PeterMoulder – GNOME Wiki Archive

Currently working with Andreas Vox on what is needed from shapers to allow paragraph-at-a-time (or page-at-a-time) line breaking to be done.

There are many ways of breaking paragraphs into lines. Let's start with what a simple dynamic programming implementation needs for ragged-end text (i.e. not fully justified, no condensing or expansion of text to make it fit better). It is assumed that we have already gone over the text to find possible line break points (the language-dependent hyphenation points and normal word breaks). The line breaker then needs to know:

The total number of line-break opportunities in the paragraph. (I.e. the number of “words” in the paragraph, so long as ‘word’ is defined in terms of line break opportunities.)
The width of a line consisting of words a..b. It wants this in O(1) time, but every query for a..b is preceded by a query for a..(b-1) (or a..b is a single word).
The intrinsic cost of a particular break point. This is mainly just to avoid hyphenation when we can, by saying that hyphenation points have a higher cost than normal word breaks.
What breaks are mandatory (forced line break characters); though this could be included in the "line break penalty" above.

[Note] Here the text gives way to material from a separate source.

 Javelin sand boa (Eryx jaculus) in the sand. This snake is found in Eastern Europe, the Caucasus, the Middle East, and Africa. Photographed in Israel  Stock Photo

If we are also allowed to shrink/extend text to make it better fit the available space (kashidas, JALT table (and FALT table?), perhaps enabling/disabling optional ligatures), then instead of a single width for a given line a..b, we need:

The minimum width of that line.
The “natural” width of the line, i.e. the best width (or the least of the best widths if it's possible for different widths to look equally good).
Information about the “cost” of condensing/extending the line, so that we know whether it looks better to have fewer words on one line and more words on another.

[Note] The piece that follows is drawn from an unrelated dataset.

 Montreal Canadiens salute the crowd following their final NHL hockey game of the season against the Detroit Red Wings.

Effect of optical margin adjustment on line-breaking

We haven't yet thought how to handle optical margins (OPBD table) well for doing “width of line a..b” calculations in O(1) time, while handling bidi correctly. (Bidi makes it harder to work out which is the leftmost/rightmost word: bidi reordering ususally takes Ω(n) time in the number of words. But maybe we can still work out the revised leftmost & rightmost word in O(1) time if we're only adding one word since the last query.)

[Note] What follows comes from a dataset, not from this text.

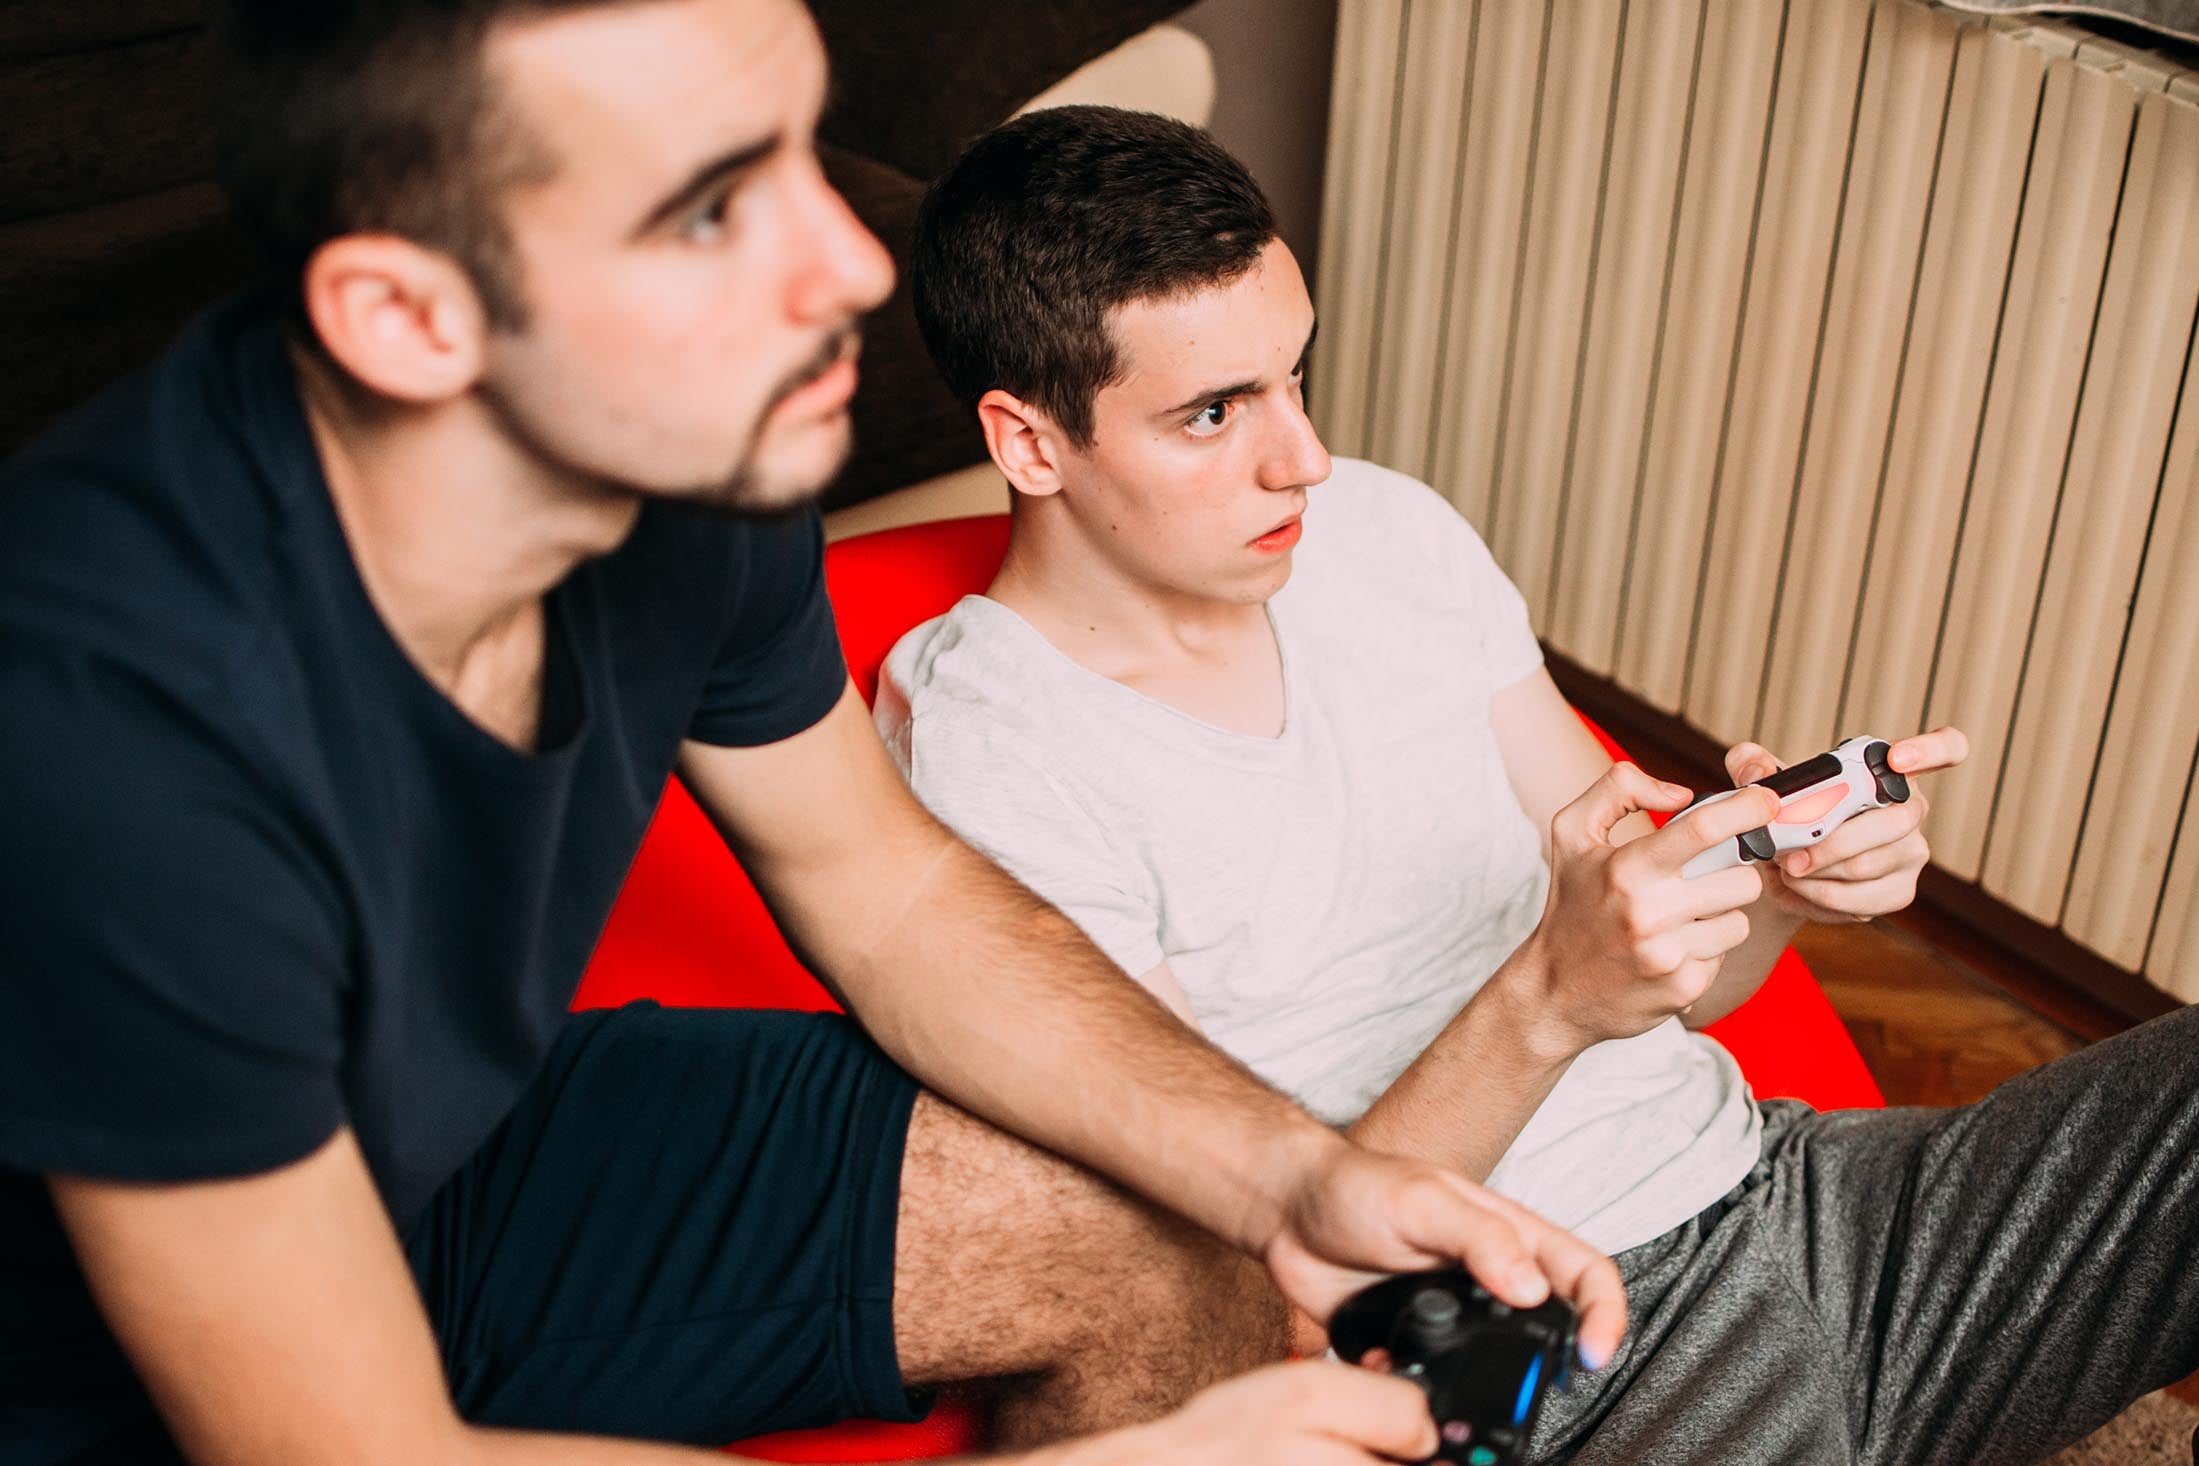 Two young men playing video games.

However, assuming that optical margin adjustments can only reduce the needed width of a line rather than increase it (or if at least we know an upper bound as to how much the width can increase), then a reasonable fallback plan is just to ignore these optical margin adjustments for the width calculations when making line-breaking decisions. This would mean that we would occasionally wrongly conclude that a line a..b is too tight to fit well in the available space; it has most effect on line-breaking choices for very narrow columns (e.g. newspapers, tables).